Australia's eftpos to set up Hedera Hashgraph node for micropayments

Australia's eftpos is to join the Hedera Governing Council after successfully conducting tests to determine the feasibility of a digital Australian dollar stablecoin for micropayments.

The trials last year showcased the use of a digital wallet loaded with stablecoins for purchasing online content, such as pay-per-page, or streaming services on a pay-per-second basis.

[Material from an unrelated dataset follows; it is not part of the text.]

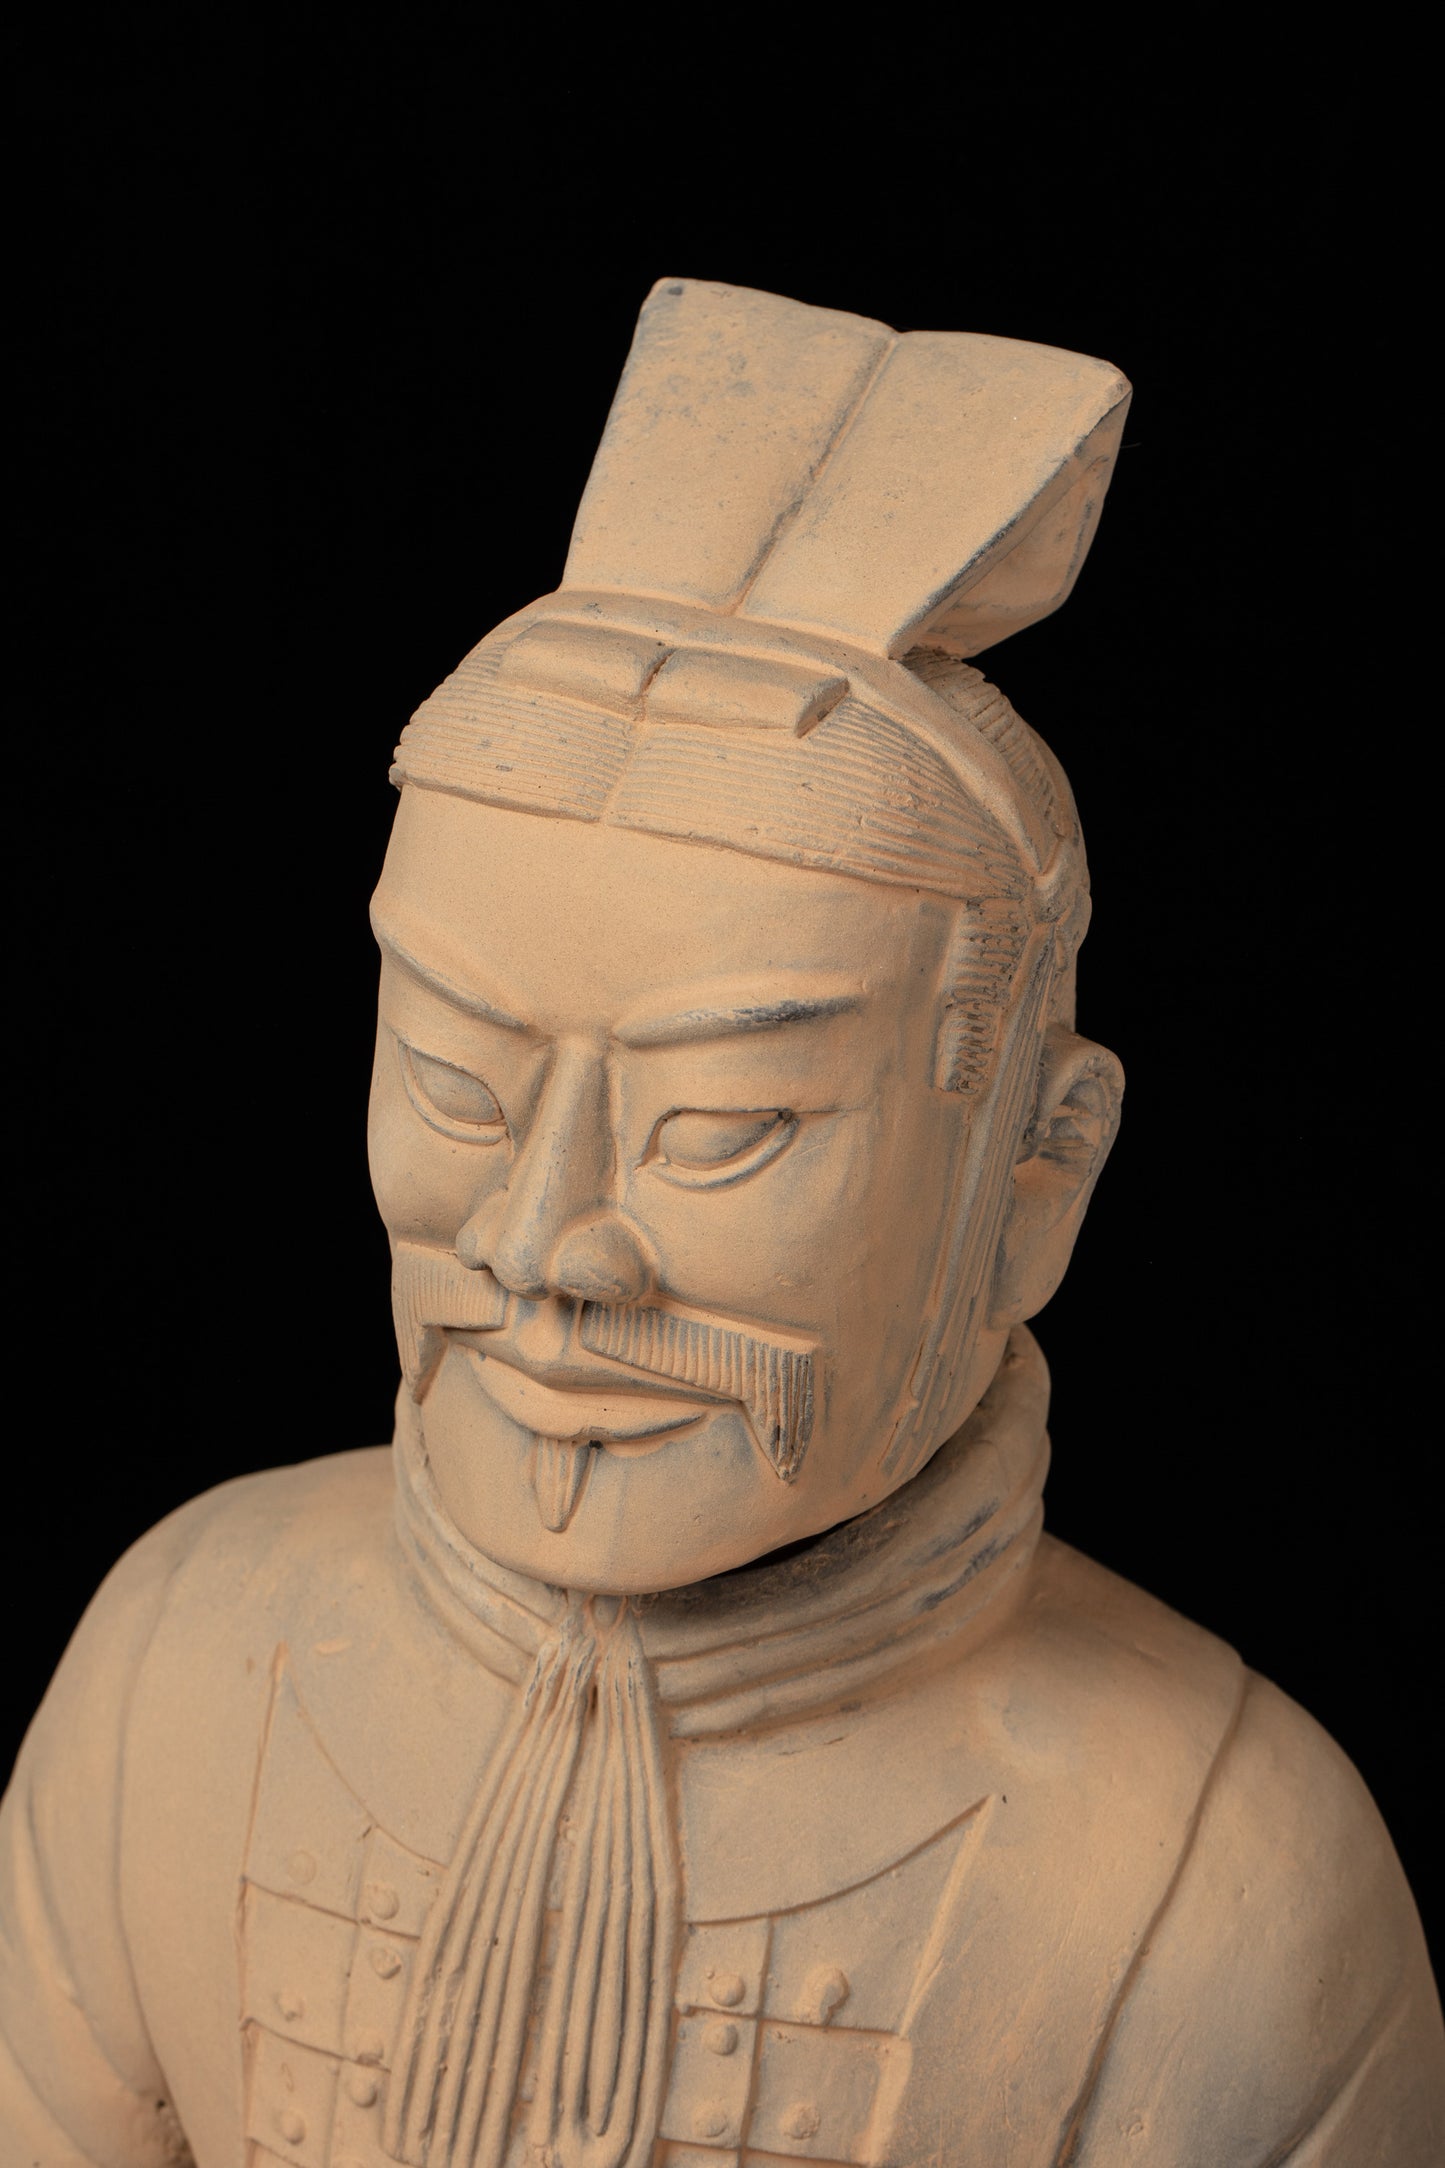 70CM Officier - CLAYARMY-Close-up shot capturing the facial expression and meticulous craftsmanship of the 70CM Officer.

The Hedera Governing Council includes a group of 16 business organisations - Avery Dennison, Boeing, Dentons, Deutsche Telekom, DLA Piper, FIS (WorldPay), Google, IBM, LG Electronics, Magalu, Nomura, Swirlds, Tata Communications, University College London (UCL), Wipro, and Zain Group - overseeing a global network of nodes that will enable fractional micropayments to flow across the decentralised public network. As part of its commitment to the project eftpos will establish its own Hedera network node this year.

Eftpos CEO, Stephen Benton says: “By joining the Hedera Governing Council and running the Australian node, alongside some of the world’s largest and most influential companies, we are excited to participate in the development of next-generation micropayments technology that has the potential to open up entirely new ways of conducting business for Australian enterprises and enable compelling new experiences for Australian consumers."

The Australian company has been pushing a wide-ranging digital strategy that includes mobile wallet Beem It, digital identity services for accessing public and private networks, and a national QR code payments roll out.

The stablecoin project was led by Robert Allen, eftpos' entrepreneur in residence.

“By combining the new eftpos API infrastructure with a consumer wallet-based experience, digital identity, and an AUD-based stablecoin using Hedera’s superfast, secure and low-cost distributed network, the PoC’s objective was demonstrably achieved,” says Allen. “Use cases like this simply are not possible on other public blockchains. Along with several partners, we are now exploring a variety of use cases that this combination of technologies enables and the options to commercialise them."